Ternyata tidak mudah untuk membuat Flora berhenti menangis bahkan Gio merasa sudah hampir putus asa untuk menenangkan tangisan Flora. Gio takut jika ada seseorang yang akan mendengarnya dan membuat orang itu salah paham.

"Flora jika kamu tidak diam … aku akan mencium bibirmu sekarang juga," ancam Gio.

Flora langsung membungkam mulutnya dan berhenti menangis saat telinganya mendengar ancaman Gio.

Mata basah Flora langsung menatap tajam Gio. "Jika kamu berani melakukan itu aku akan menghabisi mu," ancam balik Flora.

"Ho, ho, ho, sudah pandai mengancam rupanya," ledek Gio.

Satu pukulan mendarat tepat di lengan Gio membuat Gio memekik.

"Awww, ini sakit," keluh Gio.

"Rasakan itu," balas Flora.

"Tubuhmu kecil tetapi tenagamu sangat kuat," ledek Gio.

"Berhentilah menggodaku," rengek Gio.

"Baiklah." Gio langsung mengusap jejak air mata yang sudah hampir mengering.

"Jangan menangis aku akan membantumu untuk menemukan ayahmu," ucap Gio.
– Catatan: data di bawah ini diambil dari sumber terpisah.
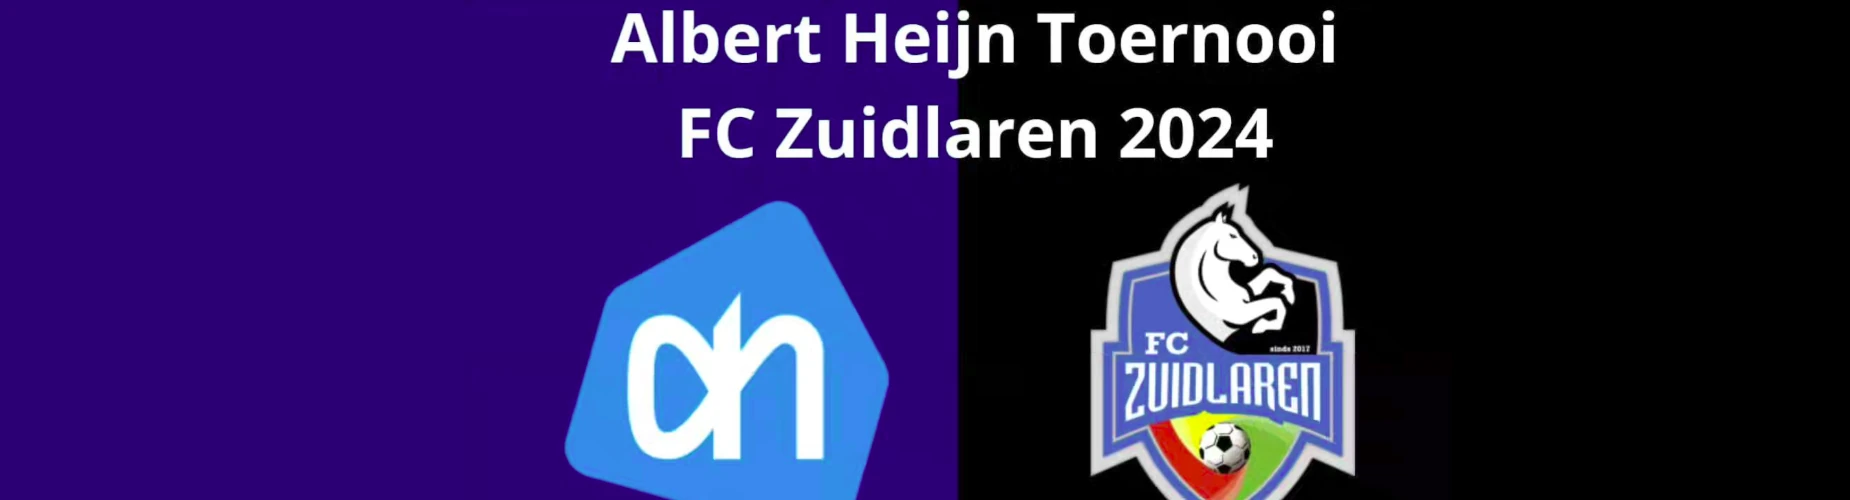 Banner - O10 - Albert Heijn toernooi FC Zuidlaren - FC Zuidlaren - Zuidlaren

"Janji?" Flora menunjukkan jari kelingkingnya pada Gio.

Gio tersenyum melihat itu lalu ia gerakan tangannya dan mengaitkan jari kelingkingnya dengan jari kelingking Flora. "Aku berjanji Flora."

Keduanya saling menatap dan berbalas senyum.

"Sepertinya pantry sudah menjadi ini sudah menjadi tempat untuk pacaran."

Perkataan seseorang itu langsung mengalihkan pandangan Flora dan juga Gio. Kedua bola mata mereka melihat Mariana berdiri diambang pintu dengan tangan terlipat di depan dadanya. Flora terkejut, tetapi tidak dengan Gio. Flora langsung menarik kaitan jari kelingkingnya dengan jari kelingking Gio.

"Oh, Tante Marina. Apa kabar?" sapa Gio.

Tidak ada niatan Mariana untuk menjawab sapaan keponakannya.

"Ada yang ingin aku bicarakan dengan perempuan itu. Bisa kamu tinggalkan kami, Gio?" pinta Mariana.

Flora terkejut saat ibu dari mantan kekasihnya ingin bicara dengan dirinya.

"Ada ap-"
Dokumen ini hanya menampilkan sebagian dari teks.